Despite repeated international assurances that action will be taken to preserve financial stability and restore economic growth, the markets start another week without anything definite on the horizon.
GFT quotes two-way prices on stock indices around the clock, even when the underlying markets are closed.
The FTSE 100 index is called to open up around 10 points higher at 5,076.
Germany’s DAX 30 index is expected to open up 15 points at 5,211, and the French CAC 40 is forecast to open up four points at 2,814.
QE3 WOULD BOOST THE MARKETS
The markets are not likely to recover substantially until we see something concrete announced, such as QE3 from the Federal Reserve, or a show of commitment from Germany that it will endeavour to hold the Eurozone together.
The longer we go without action, the longer the procrastination continues, the closer we come to the catastrophic consequences being talked about by various commentators.
OSBORNE HAS GIVEN A DEADLINE
Chancellor George Osborne stuck his neck out at the weekend and at least gave a deadline for such action to be taken, with his dramatic claim that we have only six weeks to save the euro. But words and empty reassurances are no longer enough.
By way of economic data in the days ahead we have more evidence to judge whether the US is slipping back into recession.

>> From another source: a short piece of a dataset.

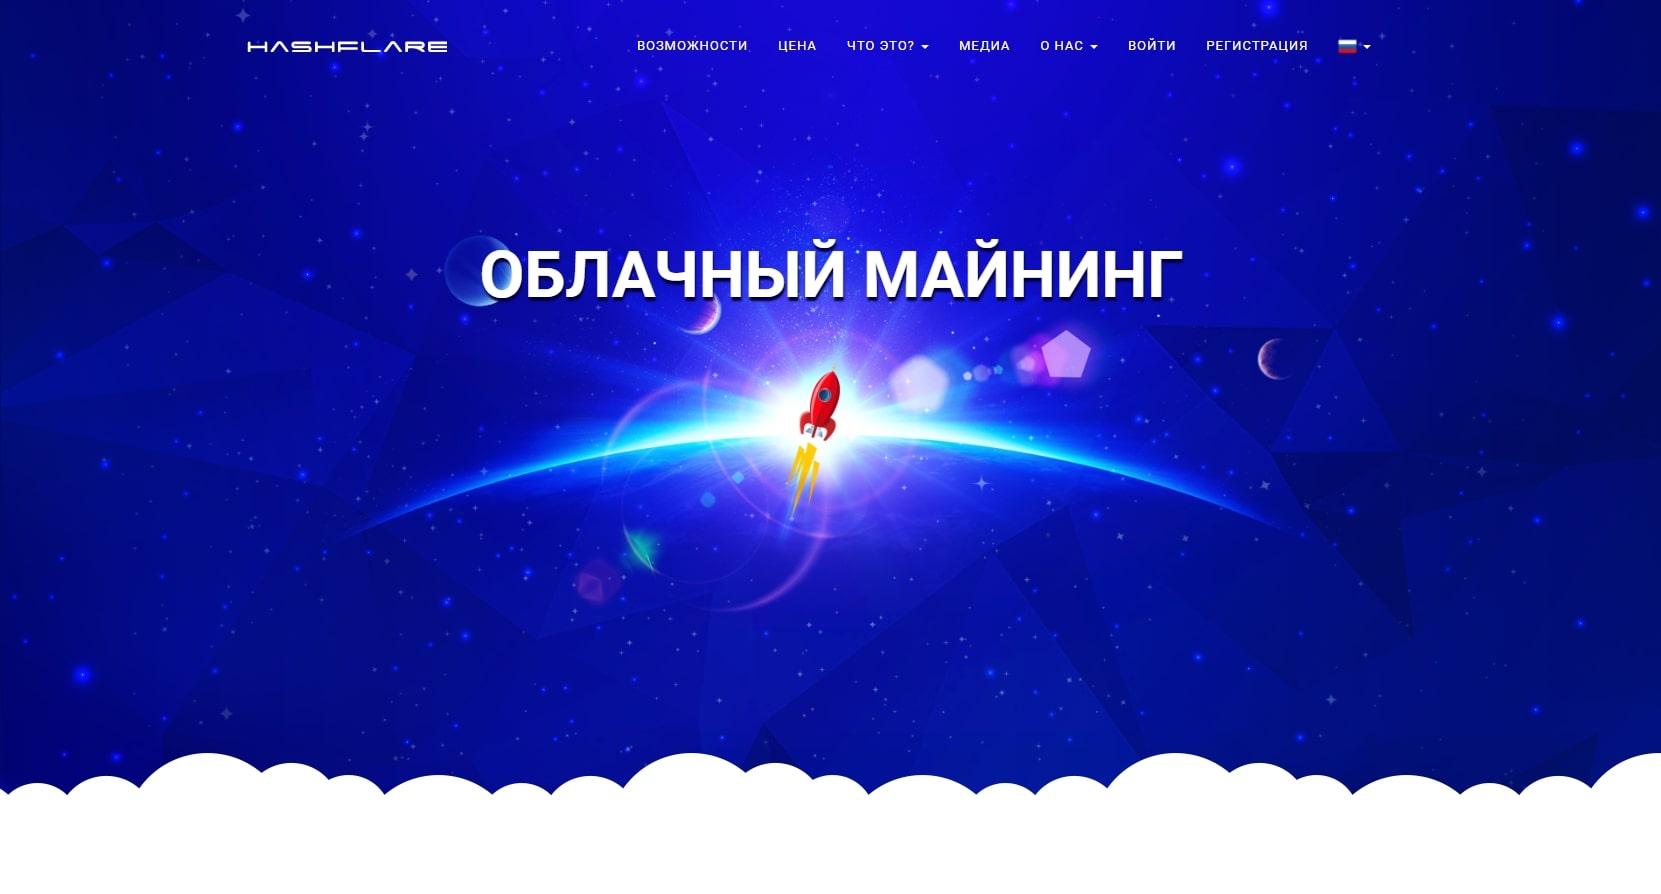 Главная страница сайта Hashflare

New home sales, consumer confidence and, stealing the show on Thursday, final second quarter GDP data are all due. A slew of Fed speakers are also lined up throughout the week.
And as the third quarter comes to an end, markets will additionally be gearing up for the beginning of the results season.
GOLDMAN SACHS LOSS FORECAST
As if traders’ nerves weren’t already shredded enough, as if to benchmark the torrid state of many big banks, Barclays has forecast we could see a loss announced by the mighty Goldman Sachs.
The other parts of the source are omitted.